RNA isolation and expression analysis
Total RNA from snap-frozen ovary tissues and cultured cell lines was isolated using TRIzol reagent (Life Technologies, Carlsbad, CA, USA) according to the manufacturer’s protocol, and then underwent reverse transcription to generate complementary DNA using a PrimeScript™ RT reagent kit (Takara Biotechnology Co. Ltd., Dalian, China). Quantitative real-time PCR was performed using SYBR Green mix (Takara Biotechnology Co. Ltd., Dalian, China) in a Real-Time PCR system (Life Technologies, Carlsbad, CA, USA). Target gene expression was normalized to GAPDH expression, and the relative mRNA abundance was calculated utilizing the ΔΔCt method. Real-time PCR was performed using the following specific primers: WTAP (forward) 5ʹ-TTGTAATGCGACTAGCAACCAA-3ʹ and (reverse) 5ʹ- GCTGGGTCTACCATTGTTGATCT-3ʹ.

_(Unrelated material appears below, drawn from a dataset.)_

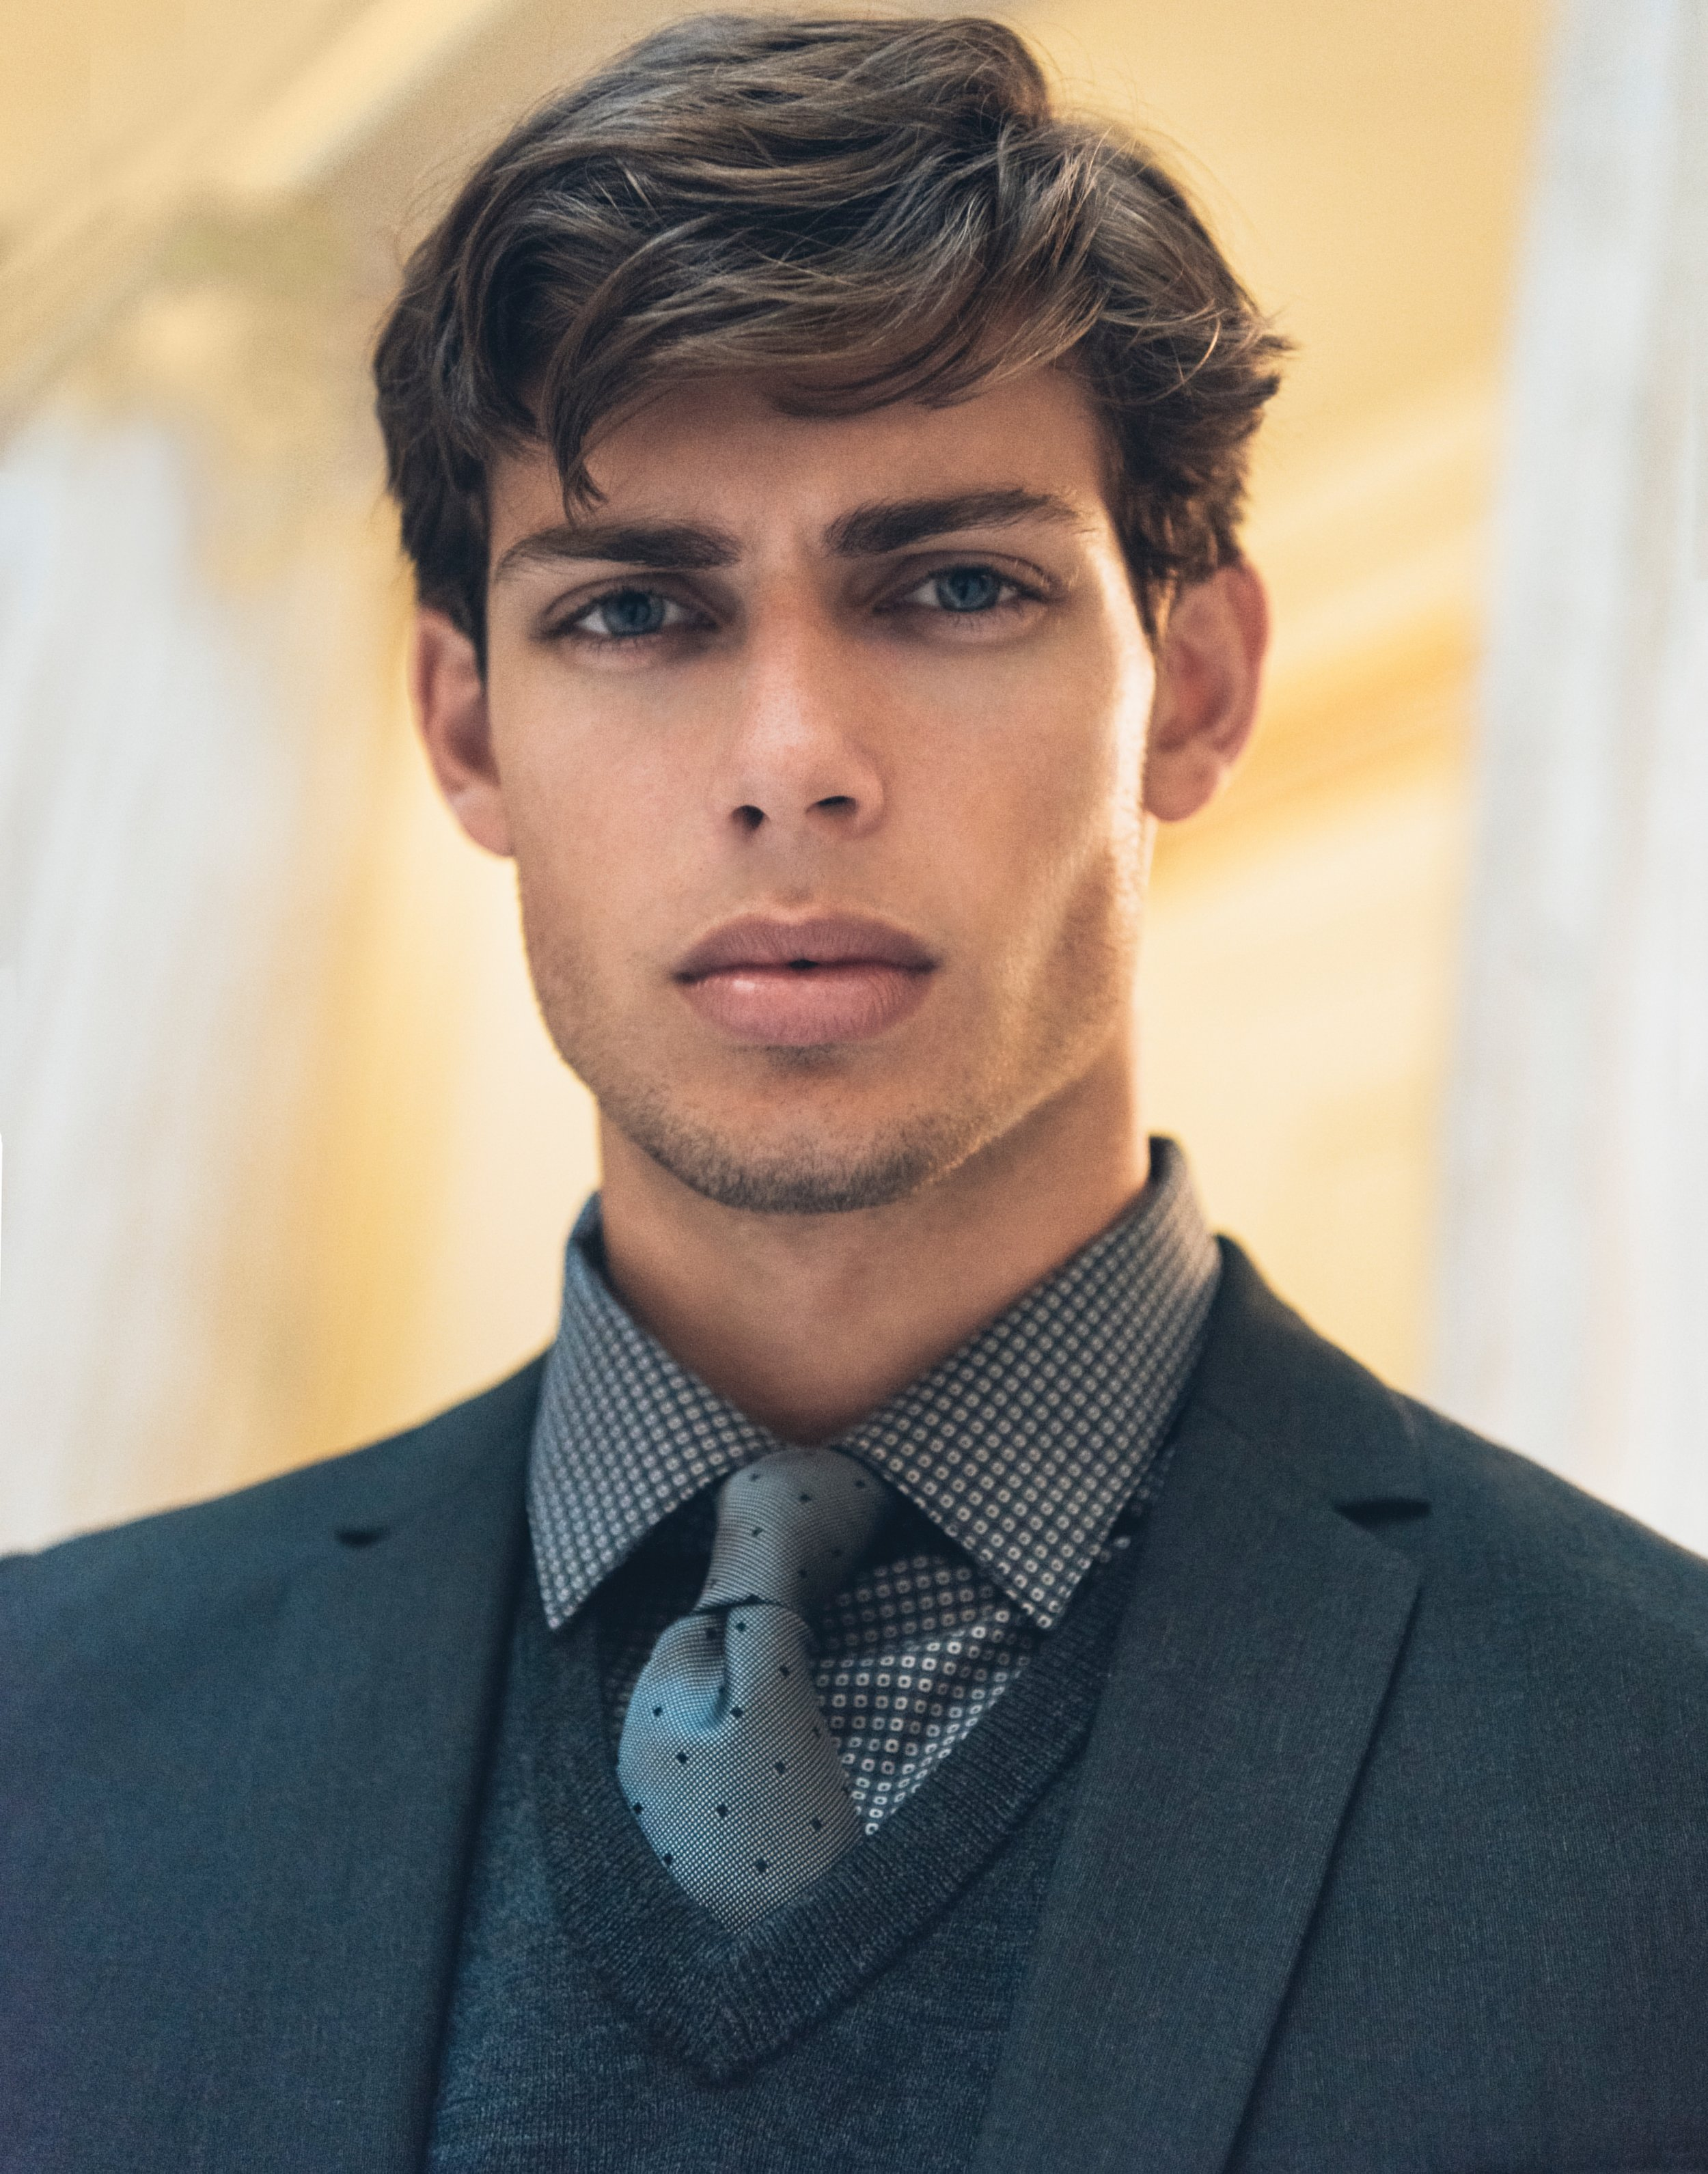 Samuel Lane | Ford Models New York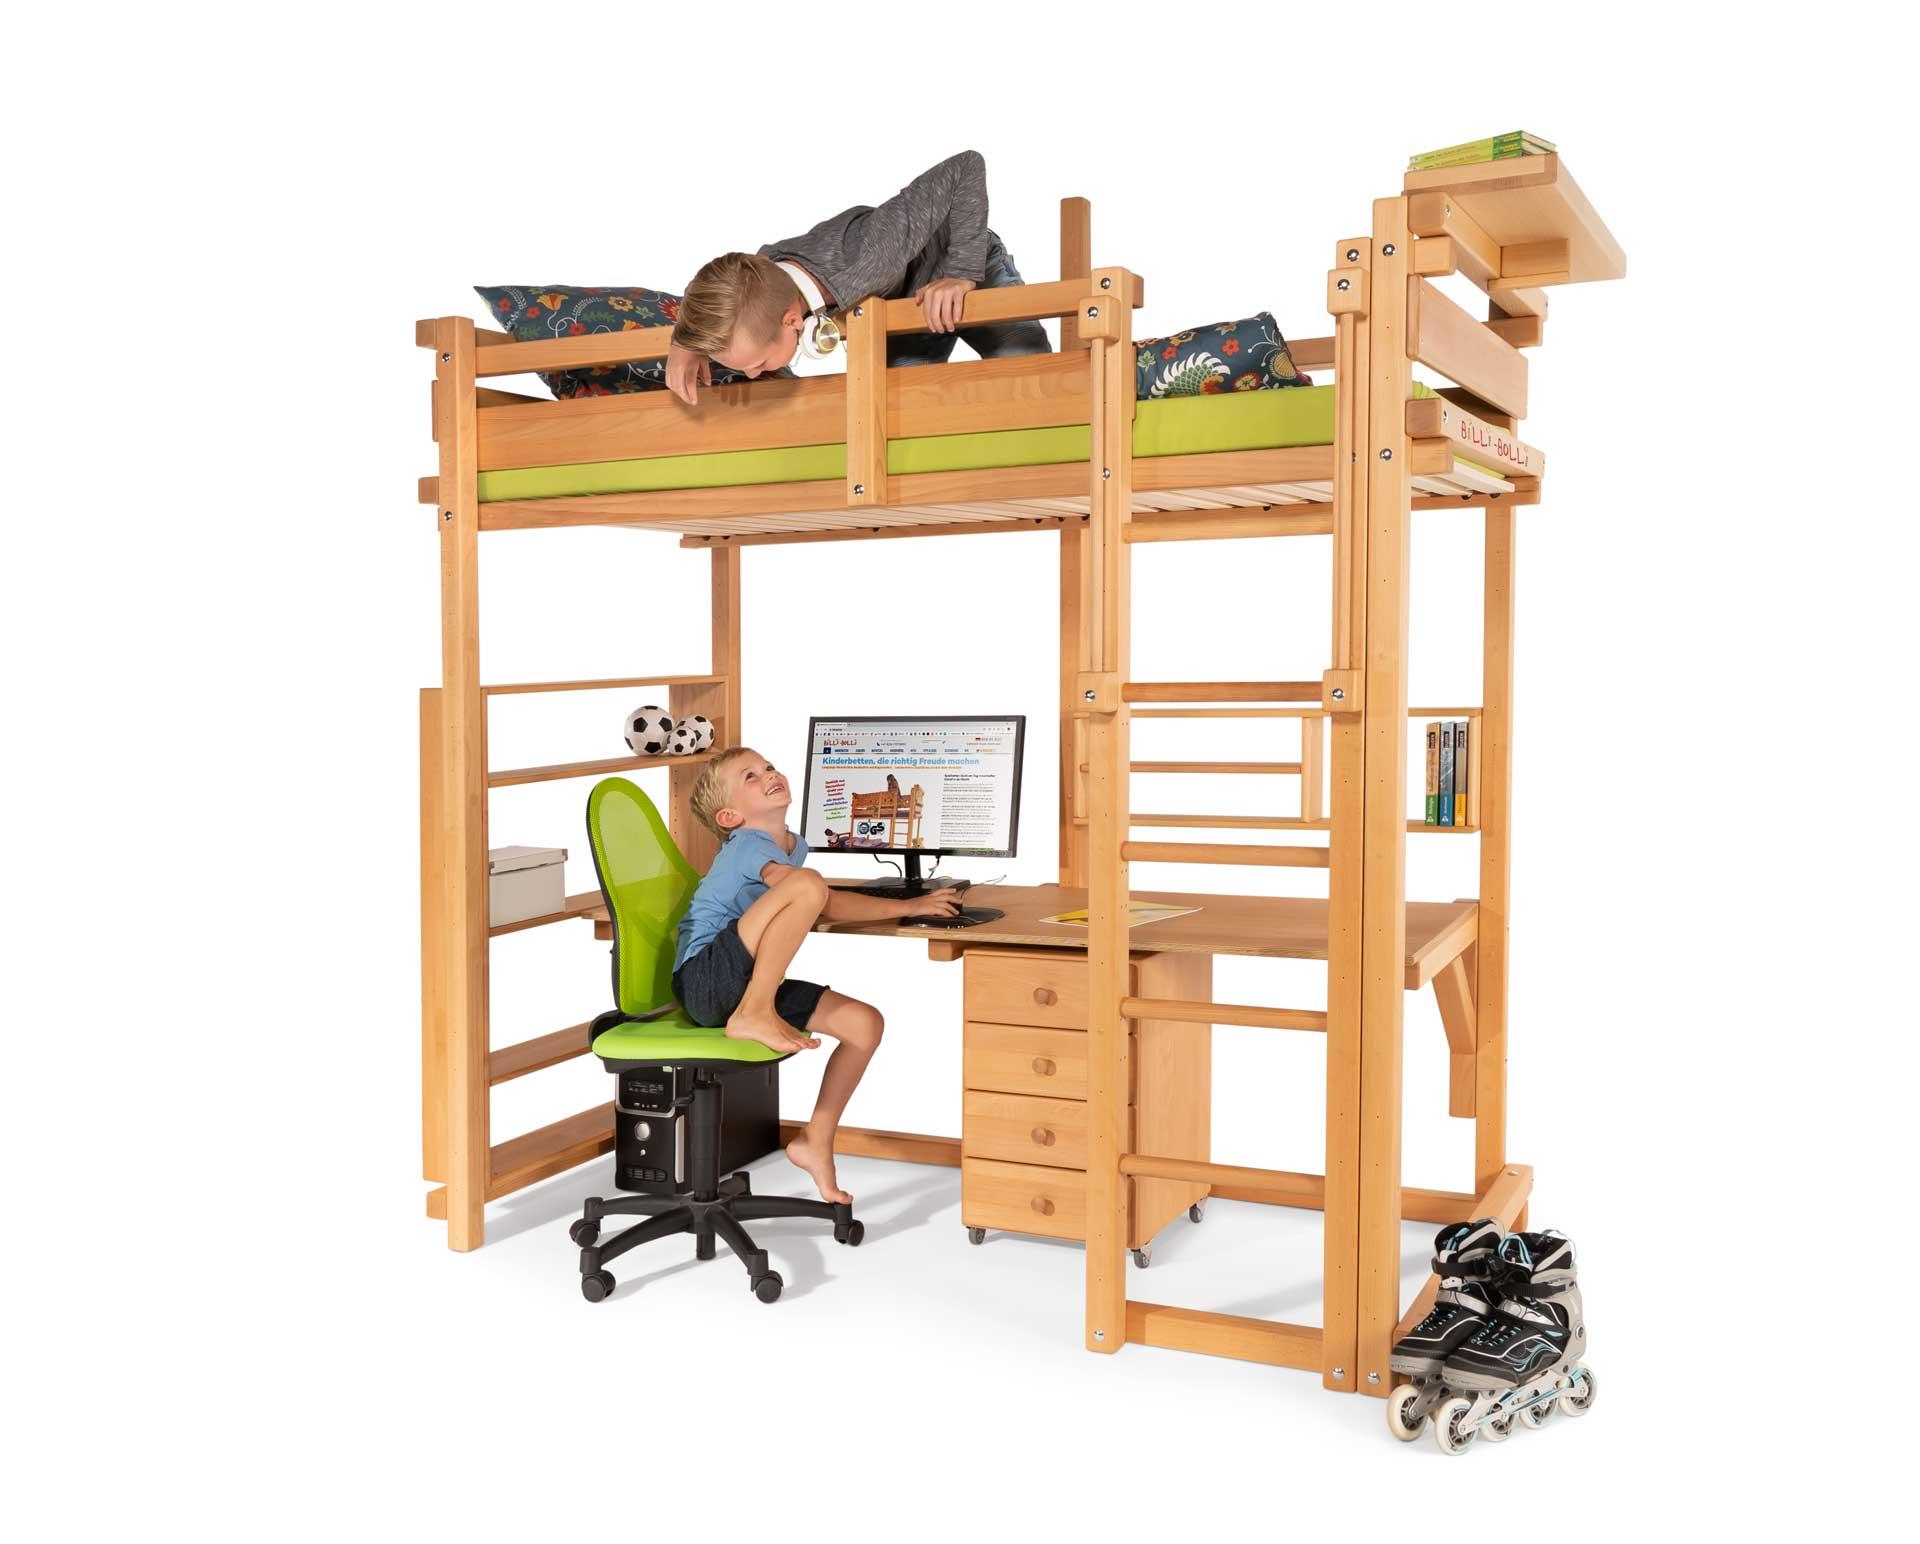 Full Size of Nachttisch Kinderzimmer Hochbett Mitwachsend Fr Online Kaufen Billi Bolli Regal Weiß Regale Sofa Kinderzimmer Nachttisch Kinderzimmer

Lentivirus construction and cell transfection
3AO and SKOV3 cells were transfected with WTAP knockdown lentivirus and negative control vectors, following the manufacturer’s instructions (GENECHEM, Shanghai, China). The efficiency of knockdown was examined by quantitative reverse transcriptase PCR (qRT-PCR) and Western blot.
Cell proliferation assays
For cell proliferation assays, CCK-8 kit (Dojindo, Kumamoto, Japan) was used according to the manufacturer’s instruction. Cells were seeded in 96-well plates at a density of 2×103 cells per well. After 24, 48, 72, 96, 120, and 144 hrs of culture, 10 μL Cell Counting Kit-8 for each well was added to assess the cell proliferation level after incubation at 37°C for another 2 hrs, and then read at 450 nm with a microplate reader. All experiments were performed in triplicate.
Colony formation assay
For the colony formation assay, 2×103 cells were plated into six-well plate, and cultured in complete culture medium. After 2 weeks, colonies were fixed with 4% paraformaldehyde and stained with 0.1% crystal violet (Beyotime, Beijing, China). Finally, visible colonies were photographed (Nikon, Tokyo, Japan) and counted. All experiments were performed in triplicate.
Apoptosis assay
For Apoptosis assay, 3AO and SKOV3 cells were infected with control or WTAP knockdown lentivirus and then cultured for 48 hrs. 2×105 cells were harvested and then suspended with binding buffer. Cells were stained with Annexin V-PE and 7-AAD (Becton Dickinson, Oxford, UK) to detect apoptosis using a FACS Calibur flow cytometer. The quantitative analysis of the percentage of positive cells was obtained from using Cell Quest Modfit software. All experiments were performed in triplicate.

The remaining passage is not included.